WORK INSTRUCTIONS
Transcribe the following entries word for word. End with the line where "грязовец нотариус степан лобанцев 1918 год" appears.

[Opening EXERCISE DATA section]

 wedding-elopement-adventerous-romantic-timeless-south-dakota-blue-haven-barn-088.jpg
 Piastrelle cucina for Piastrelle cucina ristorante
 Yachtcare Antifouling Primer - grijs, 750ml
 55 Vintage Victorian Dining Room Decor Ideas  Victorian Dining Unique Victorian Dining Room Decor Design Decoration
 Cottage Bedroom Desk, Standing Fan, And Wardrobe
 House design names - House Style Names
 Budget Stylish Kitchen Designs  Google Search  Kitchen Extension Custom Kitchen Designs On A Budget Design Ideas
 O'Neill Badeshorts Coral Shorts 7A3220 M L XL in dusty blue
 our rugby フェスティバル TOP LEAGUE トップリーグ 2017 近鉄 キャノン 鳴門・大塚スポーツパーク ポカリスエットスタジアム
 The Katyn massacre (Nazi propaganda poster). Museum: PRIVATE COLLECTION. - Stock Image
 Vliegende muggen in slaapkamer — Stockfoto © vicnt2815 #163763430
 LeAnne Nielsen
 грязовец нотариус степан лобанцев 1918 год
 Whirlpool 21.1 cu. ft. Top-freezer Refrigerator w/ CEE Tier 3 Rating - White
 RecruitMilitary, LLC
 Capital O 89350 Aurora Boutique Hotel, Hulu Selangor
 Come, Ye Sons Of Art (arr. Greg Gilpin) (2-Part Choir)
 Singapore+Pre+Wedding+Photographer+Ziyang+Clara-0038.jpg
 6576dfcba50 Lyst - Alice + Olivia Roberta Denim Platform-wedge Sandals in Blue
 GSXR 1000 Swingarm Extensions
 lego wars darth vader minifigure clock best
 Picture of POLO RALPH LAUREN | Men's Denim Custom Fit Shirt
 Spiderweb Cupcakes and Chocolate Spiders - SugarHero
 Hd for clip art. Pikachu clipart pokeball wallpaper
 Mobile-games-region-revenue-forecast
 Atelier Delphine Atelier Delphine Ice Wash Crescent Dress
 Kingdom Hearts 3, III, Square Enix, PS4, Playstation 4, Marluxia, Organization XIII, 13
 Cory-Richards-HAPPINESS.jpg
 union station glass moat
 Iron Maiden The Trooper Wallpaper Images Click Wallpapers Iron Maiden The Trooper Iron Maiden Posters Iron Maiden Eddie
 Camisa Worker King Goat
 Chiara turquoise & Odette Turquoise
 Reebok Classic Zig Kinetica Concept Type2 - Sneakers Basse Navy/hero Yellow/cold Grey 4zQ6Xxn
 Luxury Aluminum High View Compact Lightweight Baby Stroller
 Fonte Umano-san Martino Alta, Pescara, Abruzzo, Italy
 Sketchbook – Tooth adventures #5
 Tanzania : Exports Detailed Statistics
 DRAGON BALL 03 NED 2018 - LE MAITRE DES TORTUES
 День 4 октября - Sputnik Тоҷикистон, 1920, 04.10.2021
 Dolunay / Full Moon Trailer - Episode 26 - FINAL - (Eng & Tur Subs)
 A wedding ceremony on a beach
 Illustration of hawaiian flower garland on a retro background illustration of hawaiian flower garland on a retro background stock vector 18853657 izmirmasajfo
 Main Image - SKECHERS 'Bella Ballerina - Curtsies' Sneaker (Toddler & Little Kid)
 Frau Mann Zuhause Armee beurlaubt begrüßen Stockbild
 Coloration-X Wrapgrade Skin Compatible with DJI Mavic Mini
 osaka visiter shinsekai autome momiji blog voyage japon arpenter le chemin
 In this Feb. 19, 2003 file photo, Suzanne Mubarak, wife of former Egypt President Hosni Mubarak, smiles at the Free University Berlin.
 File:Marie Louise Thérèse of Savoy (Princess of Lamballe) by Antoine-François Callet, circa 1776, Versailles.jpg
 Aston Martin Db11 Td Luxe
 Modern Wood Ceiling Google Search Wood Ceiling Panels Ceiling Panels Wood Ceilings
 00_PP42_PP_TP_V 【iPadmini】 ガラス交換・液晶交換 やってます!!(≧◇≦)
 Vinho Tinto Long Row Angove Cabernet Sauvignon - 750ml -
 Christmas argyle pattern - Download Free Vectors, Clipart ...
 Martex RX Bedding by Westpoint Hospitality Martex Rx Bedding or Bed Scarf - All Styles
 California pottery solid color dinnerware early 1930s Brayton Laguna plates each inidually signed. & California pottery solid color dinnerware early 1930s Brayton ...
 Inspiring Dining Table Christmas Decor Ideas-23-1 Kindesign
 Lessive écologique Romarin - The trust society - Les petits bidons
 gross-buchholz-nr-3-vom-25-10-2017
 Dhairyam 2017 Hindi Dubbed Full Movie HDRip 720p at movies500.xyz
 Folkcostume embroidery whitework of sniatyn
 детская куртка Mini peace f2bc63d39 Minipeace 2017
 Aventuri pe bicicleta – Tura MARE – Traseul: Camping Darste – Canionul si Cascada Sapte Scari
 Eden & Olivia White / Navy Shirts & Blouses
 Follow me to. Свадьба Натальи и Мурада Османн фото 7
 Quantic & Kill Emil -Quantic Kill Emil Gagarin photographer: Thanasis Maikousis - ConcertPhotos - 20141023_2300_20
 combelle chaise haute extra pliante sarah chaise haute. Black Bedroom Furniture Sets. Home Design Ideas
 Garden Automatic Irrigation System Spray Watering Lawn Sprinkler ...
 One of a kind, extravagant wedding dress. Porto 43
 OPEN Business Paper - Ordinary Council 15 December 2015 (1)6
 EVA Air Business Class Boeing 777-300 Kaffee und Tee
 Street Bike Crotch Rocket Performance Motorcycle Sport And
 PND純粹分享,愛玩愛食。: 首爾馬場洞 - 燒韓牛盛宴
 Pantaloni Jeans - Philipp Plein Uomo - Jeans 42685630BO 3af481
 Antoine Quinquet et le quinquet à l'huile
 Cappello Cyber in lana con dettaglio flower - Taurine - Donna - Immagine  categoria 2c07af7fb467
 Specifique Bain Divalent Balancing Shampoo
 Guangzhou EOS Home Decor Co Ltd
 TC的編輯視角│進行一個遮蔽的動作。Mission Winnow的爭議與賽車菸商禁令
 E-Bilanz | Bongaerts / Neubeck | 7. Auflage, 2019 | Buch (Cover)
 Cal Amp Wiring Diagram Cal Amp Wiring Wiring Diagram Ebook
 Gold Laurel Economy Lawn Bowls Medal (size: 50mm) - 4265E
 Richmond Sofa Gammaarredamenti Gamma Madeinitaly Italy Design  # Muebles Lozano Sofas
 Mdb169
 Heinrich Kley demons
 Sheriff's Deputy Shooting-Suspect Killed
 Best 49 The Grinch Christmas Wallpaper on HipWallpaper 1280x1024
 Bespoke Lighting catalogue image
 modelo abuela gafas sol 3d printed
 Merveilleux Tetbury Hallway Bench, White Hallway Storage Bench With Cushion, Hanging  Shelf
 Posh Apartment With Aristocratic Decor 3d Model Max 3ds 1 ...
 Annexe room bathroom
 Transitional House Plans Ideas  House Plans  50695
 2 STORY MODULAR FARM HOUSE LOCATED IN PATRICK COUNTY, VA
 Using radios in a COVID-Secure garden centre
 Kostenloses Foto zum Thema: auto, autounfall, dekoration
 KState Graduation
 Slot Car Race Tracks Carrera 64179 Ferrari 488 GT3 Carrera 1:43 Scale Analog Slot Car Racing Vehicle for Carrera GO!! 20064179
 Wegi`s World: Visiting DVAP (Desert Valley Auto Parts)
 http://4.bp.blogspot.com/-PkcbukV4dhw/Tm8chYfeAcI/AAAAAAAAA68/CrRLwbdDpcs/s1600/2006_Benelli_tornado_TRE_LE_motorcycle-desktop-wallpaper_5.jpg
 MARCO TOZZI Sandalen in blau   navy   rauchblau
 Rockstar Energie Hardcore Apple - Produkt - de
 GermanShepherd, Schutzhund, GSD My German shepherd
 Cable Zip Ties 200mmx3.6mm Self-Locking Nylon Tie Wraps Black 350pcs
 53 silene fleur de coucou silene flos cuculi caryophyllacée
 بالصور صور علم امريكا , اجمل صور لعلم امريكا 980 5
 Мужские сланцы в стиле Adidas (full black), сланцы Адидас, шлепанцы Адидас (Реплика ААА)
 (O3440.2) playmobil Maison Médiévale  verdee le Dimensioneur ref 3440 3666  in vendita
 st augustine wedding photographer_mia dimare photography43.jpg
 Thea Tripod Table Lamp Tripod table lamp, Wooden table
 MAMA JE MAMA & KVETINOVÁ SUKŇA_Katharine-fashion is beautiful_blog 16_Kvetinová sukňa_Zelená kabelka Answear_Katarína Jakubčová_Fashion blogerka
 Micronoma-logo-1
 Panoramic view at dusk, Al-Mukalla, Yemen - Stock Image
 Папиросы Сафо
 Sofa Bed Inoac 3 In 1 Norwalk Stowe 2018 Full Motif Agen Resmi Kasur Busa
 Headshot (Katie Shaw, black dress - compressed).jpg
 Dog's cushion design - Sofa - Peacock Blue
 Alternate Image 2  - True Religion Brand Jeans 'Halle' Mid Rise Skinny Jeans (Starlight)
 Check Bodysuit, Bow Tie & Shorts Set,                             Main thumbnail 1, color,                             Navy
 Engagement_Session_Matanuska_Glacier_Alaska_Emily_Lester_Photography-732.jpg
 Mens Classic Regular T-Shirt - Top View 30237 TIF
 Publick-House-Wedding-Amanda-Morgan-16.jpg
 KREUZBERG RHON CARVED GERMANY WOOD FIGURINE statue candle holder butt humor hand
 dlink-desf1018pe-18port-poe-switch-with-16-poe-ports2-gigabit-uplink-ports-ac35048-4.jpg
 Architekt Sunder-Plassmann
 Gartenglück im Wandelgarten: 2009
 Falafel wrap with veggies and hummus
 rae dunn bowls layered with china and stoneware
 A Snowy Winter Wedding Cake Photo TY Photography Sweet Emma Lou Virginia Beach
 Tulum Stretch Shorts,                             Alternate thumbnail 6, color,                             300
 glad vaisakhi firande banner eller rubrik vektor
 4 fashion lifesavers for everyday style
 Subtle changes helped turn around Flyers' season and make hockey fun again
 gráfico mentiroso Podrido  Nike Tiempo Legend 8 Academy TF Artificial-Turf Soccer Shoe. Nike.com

[Closing EXERCISE DATA section]

ANSWER SECTION
 wedding-elopement-adventerous-romantic-timeless-south-dakota-blue-haven-barn-088.jpg
 Piastrelle cucina for Piastrelle cucina ristorante
 Yachtcare Antifouling Primer - grijs, 750ml
 55 Vintage Victorian Dining Room Decor Ideas  Victorian Dining Unique Victorian Dining Room Decor Design Decoration
 Cottage Bedroom Desk, Standing Fan, And Wardrobe
 House design names - House Style Names
 Budget Stylish Kitchen Designs  Google Search  Kitchen Extension Custom Kitchen Designs On A Budget Design Ideas
 O'Neill Badeshorts Coral Shorts 7A3220 M L XL in dusty blue
 our rugby フェスティバル TOP LEAGUE トップリーグ 2017 近鉄 キャノン 鳴門・大塚スポーツパーク ポカリスエットスタジアム
 The Katyn massacre (Nazi propaganda poster). Museum: PRIVATE COLLECTION. - Stock Image
 Vliegende muggen in slaapkamer — Stockfoto © vicnt2815 #163763430
 LeAnne Nielsen
 грязовец нотариус степан лобанцев 1918 год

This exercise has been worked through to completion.